── Material provided ──
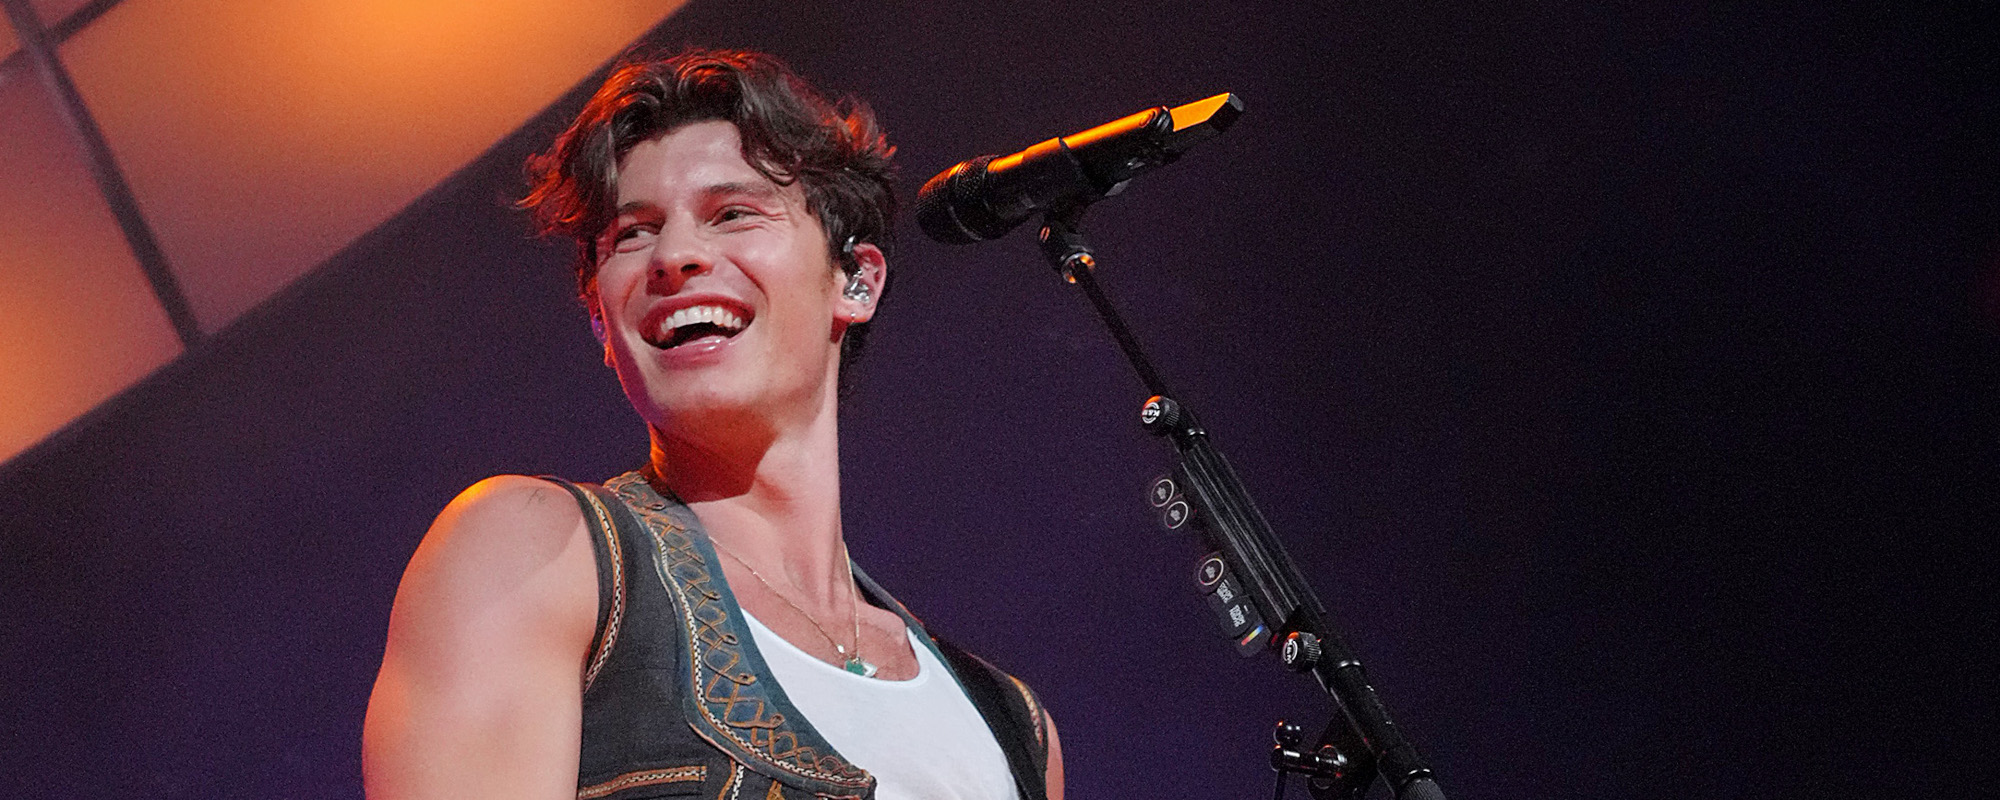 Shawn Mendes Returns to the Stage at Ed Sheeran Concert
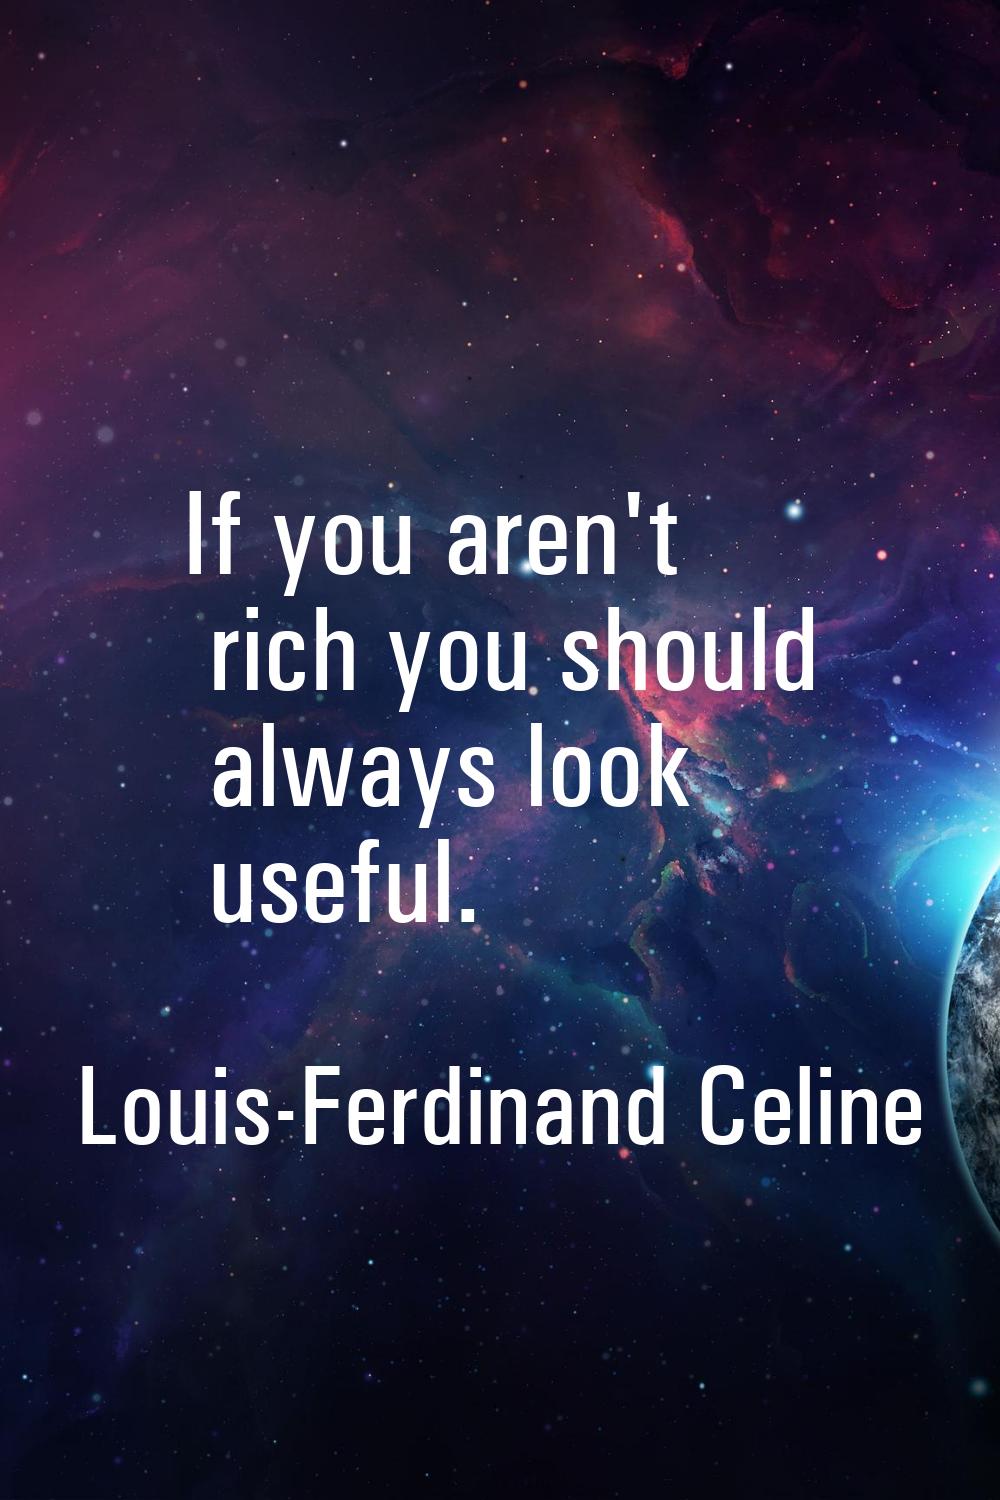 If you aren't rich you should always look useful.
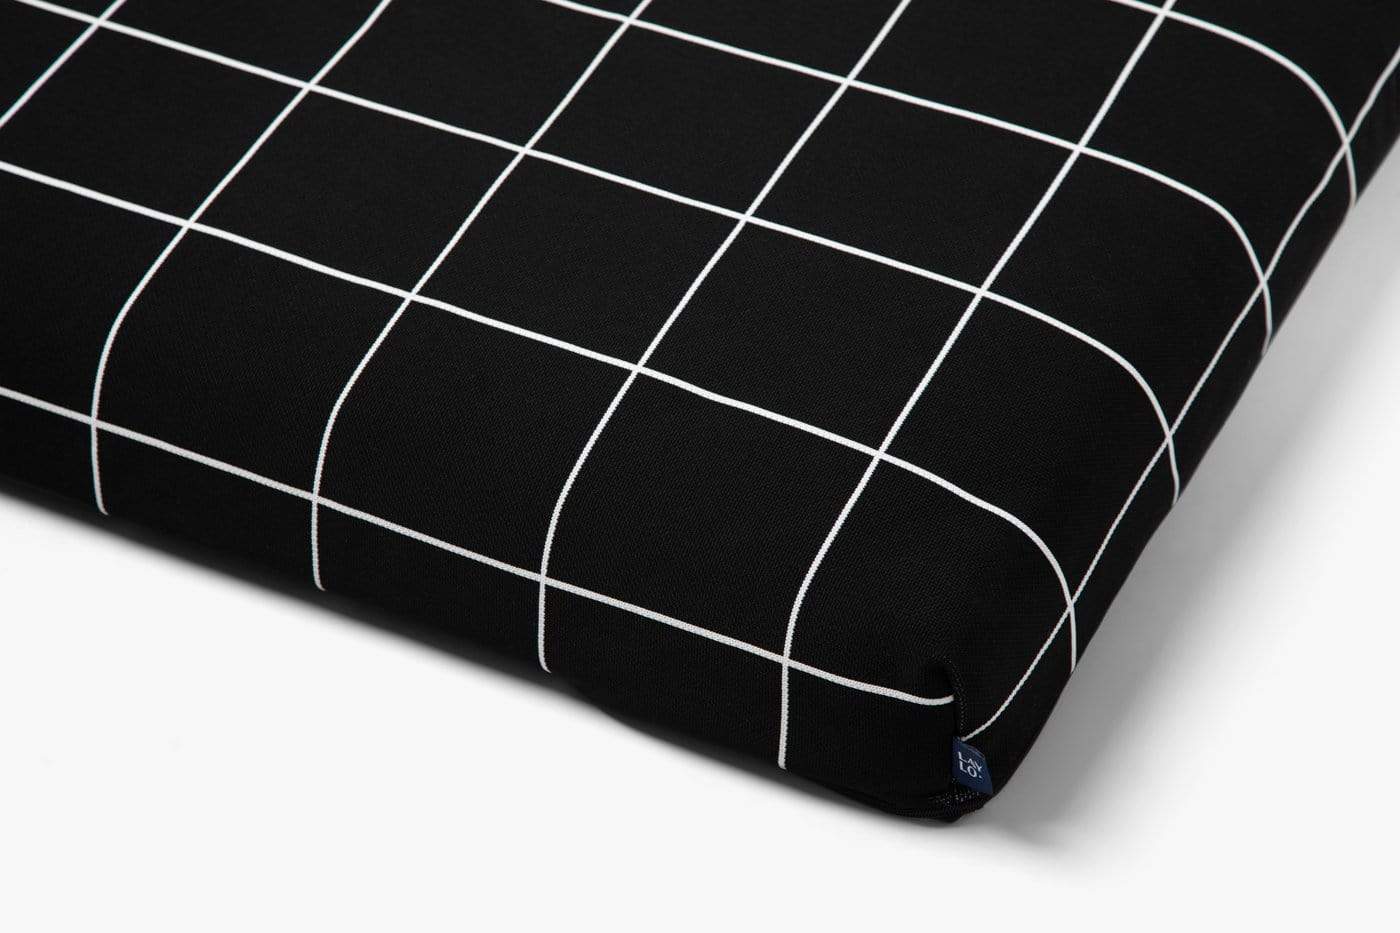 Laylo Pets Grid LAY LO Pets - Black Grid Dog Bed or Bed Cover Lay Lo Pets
───
## Exercise prompt:
Give back the material word for word and drop the pictures it holds.

## Reply:
 Shawn Mendes Returns to the Stage at Ed Sheeran Concert
 If you aren't rich you should always look useful.
 Laylo Pets Grid LAY LO Pets - Black Grid Dog Bed or Bed Cover Lay Lo Pets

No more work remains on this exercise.